The restrained style subdues feeling too, not unusual for a Japanese setting; but there is sadness and some rage in it, though some reviewers seem at times to want to see only sweetness and wonder at how "Rarely has figure skating been shown as so pure, poetic and sensual" (as Clarence Tsui dedlares up front in his review[). Yet this is true; you feel the joy of figure skating in scenes here. When they're happening, they take over, and the restrained styilishness doesn't matter.

"My Sunshine revolves around Takuya (Keitatsu Koshiyama), a stammering boy who is as awkward at sport as he is with his speech" (Tsui puts it). The stammer is bad. The awkwardness is overread by some reviewers though, I think. What's more true is that Takuya, who's a hockey goalie in winter and plays baseball in the summer, is looking for his dream sport. He gets injured playing the goalie and it really hurts. He finds that dream when on the hockey rink he sees Sakura (Kiara Takanashi), a girl his age, twirling around gracefully, and Arakawa (Sosuke Ikematsu), once a figure skating star, coaching her.

Arakawa sees Takuya's efforts to figure skate in his hockey skates, with frequent but determined falls, and starts to coach him, free, lending him a pair of real figure skates. It's only a quick step to coaching Takuya and Sakura together as a oaur with the conscious ambition of preparing them for competition. This is a wonderfully complicated situation. Arakawa sees himself in Tatsuya. He may see the son he may never have. It seems pure delight for Tatsuya. It all began with his adoration from afar for Sakura's skating, and now he's allowed to hold her hand and glide on the ice with her. While for Sakura it's a hard drive for a pushy mom, Takura has an indulgent father and is doing this out of pure enthusiasm. (Given that he masters these moves, it's wrong to think he was ever unathletic.)

The intended emotional highpoint of the film before the gradual decline is the montage-intense sequence at the frozen pond, a moment rather too gushy for such an otherwise restrained film, where Arakawa skates playfulllly along with Takuya and Sakura while music plays loud from Arakawa's Volvo station wagon and they just have fun and smile. Is Sakura also smiling? Then yes; but Kiara Takanashi, as directed here anyway, is a stony type, her failure to show enthusiasm for anything a forewarning of far worse to come.

We, the audience, know that Arakawa lives with a young guy, Igarishi, though we don't hear his name (Ryûya Wakaba), but he is not out to anybody at work. Then outdsie a shopping mall Sakura sees Igarishi and Arakawa in the Volvo and their playfulness cannot be mistaken. Next we know after a shot showing the coach's hands-on coaching of Tatuya, Sakura has come into Arakawa's office and made her acusatory, envious little speech ending in the word "disgusting." We can assume she was jealous of this relationship between the coach and the boy from the start. After all, he's coaching Tatsuya for free. She no doubt wanted all the attention and thought to become a solo star.

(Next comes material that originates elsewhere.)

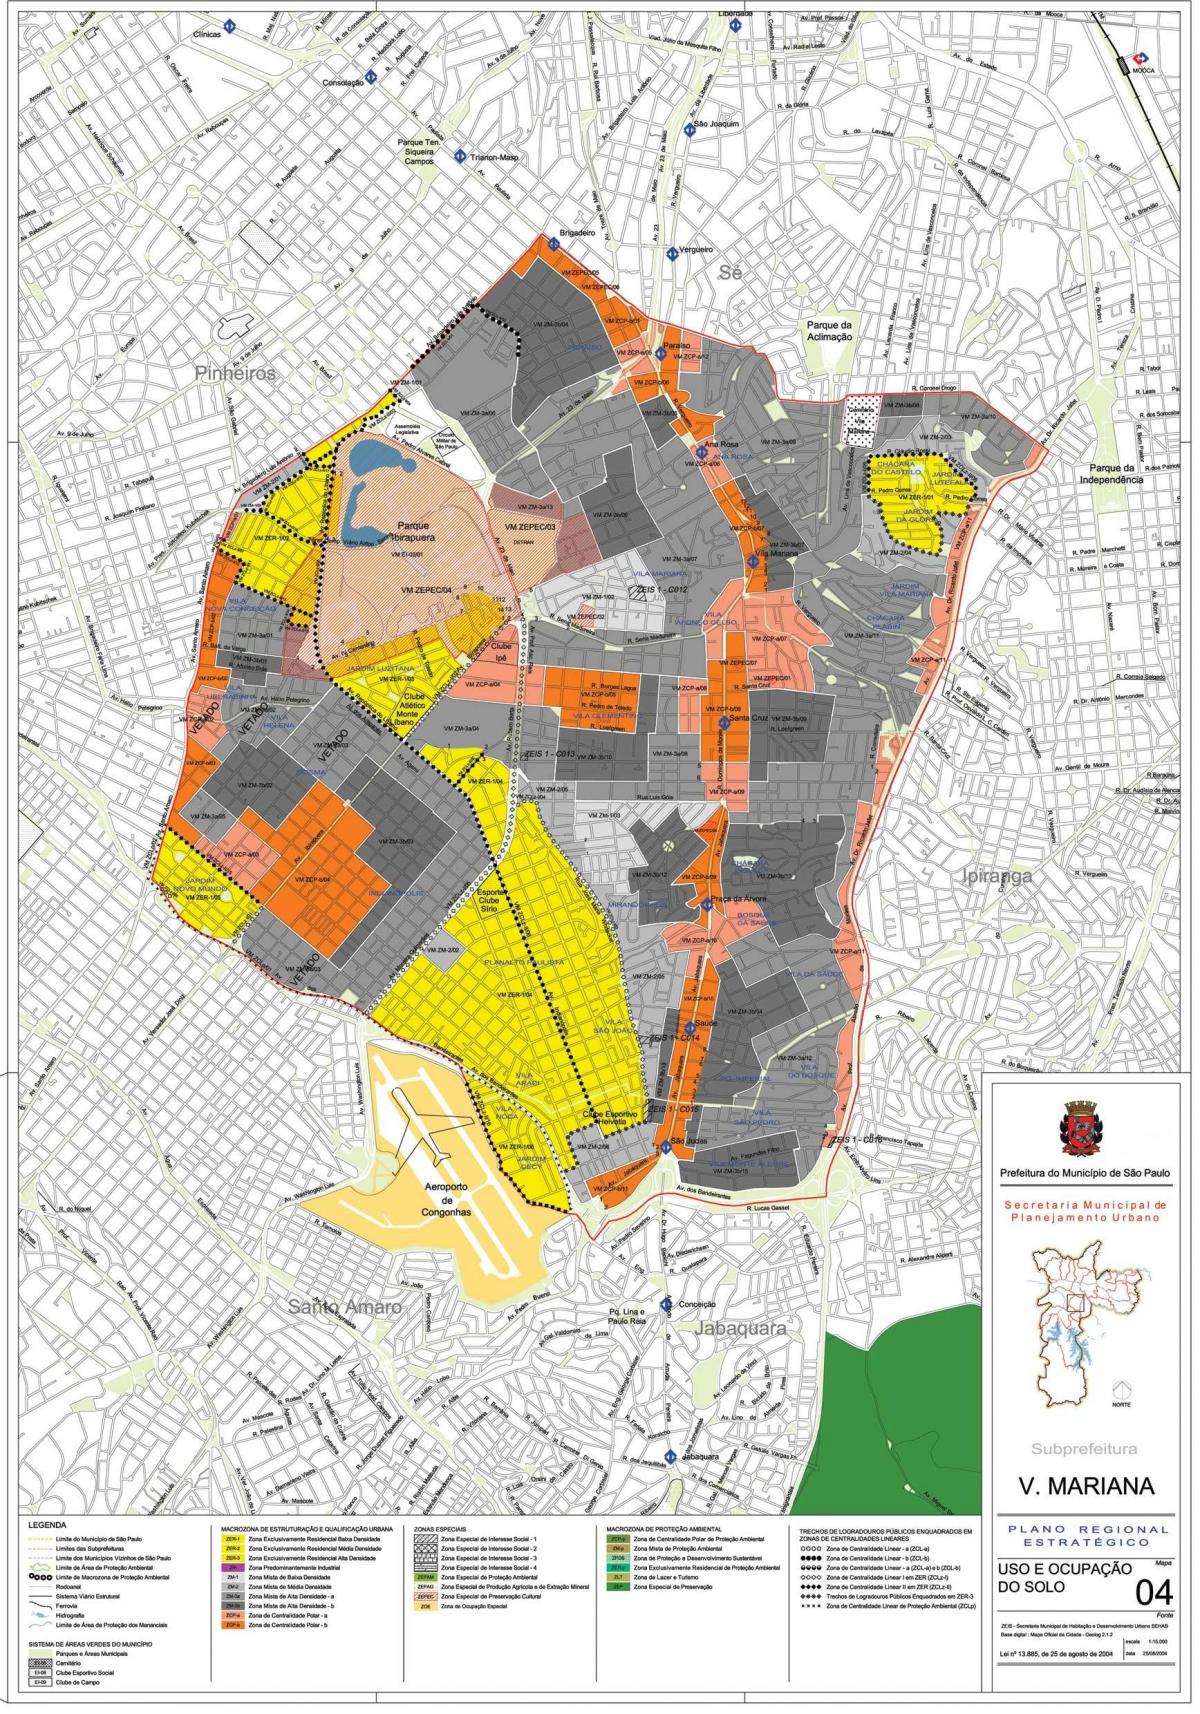 Mappa di Vila Mariana, São Paulo - Occupazione del suolo

Soon after Sakura's little homophobic speech things decline rapidly. No competitions, no partnering with Tatuya, and a return for him to hockey. Arakawa has no more coaching work here at all, and Igarishi has to stay so it's over between them. Pretty drastic.

You have to hand it to Okuyama for drawing this tragedy in as soft, muted colors as everything else. (It's been noted there is a bit too much of Debusy's "Clair de lune.") Arakawa and Tatsuya have an unplanned warm weather trip back to the lake, and throw a baseball back and forth. Coach tells the boy he's not bad, affirms that he is leaving and isn't coming back. What does the boy say to the girl when they meet on the road later on? What can he say? Sadly, his stammer is as bad as ever. But this is, in its arm's-length way, an understanding and affirmative portrait of this shy, persietent, enthusiastic boy in search of a passion. He will find it.
A very distinctive little film, with a tougher bite than you might expect. The director's debut won a number of awards and was in Japan Cuts 2019.

My Sunshine 『ぼくのお日さま』 (Boku No Ohisama), 100 mins., debuted in Un Certain Regard at Cannes and at many other festivals including Sydney, Taipei, Melbourne, Toronto, and Busan. It was screened for this review as part of the Jul. 10-20, 2025 Japan Cuts.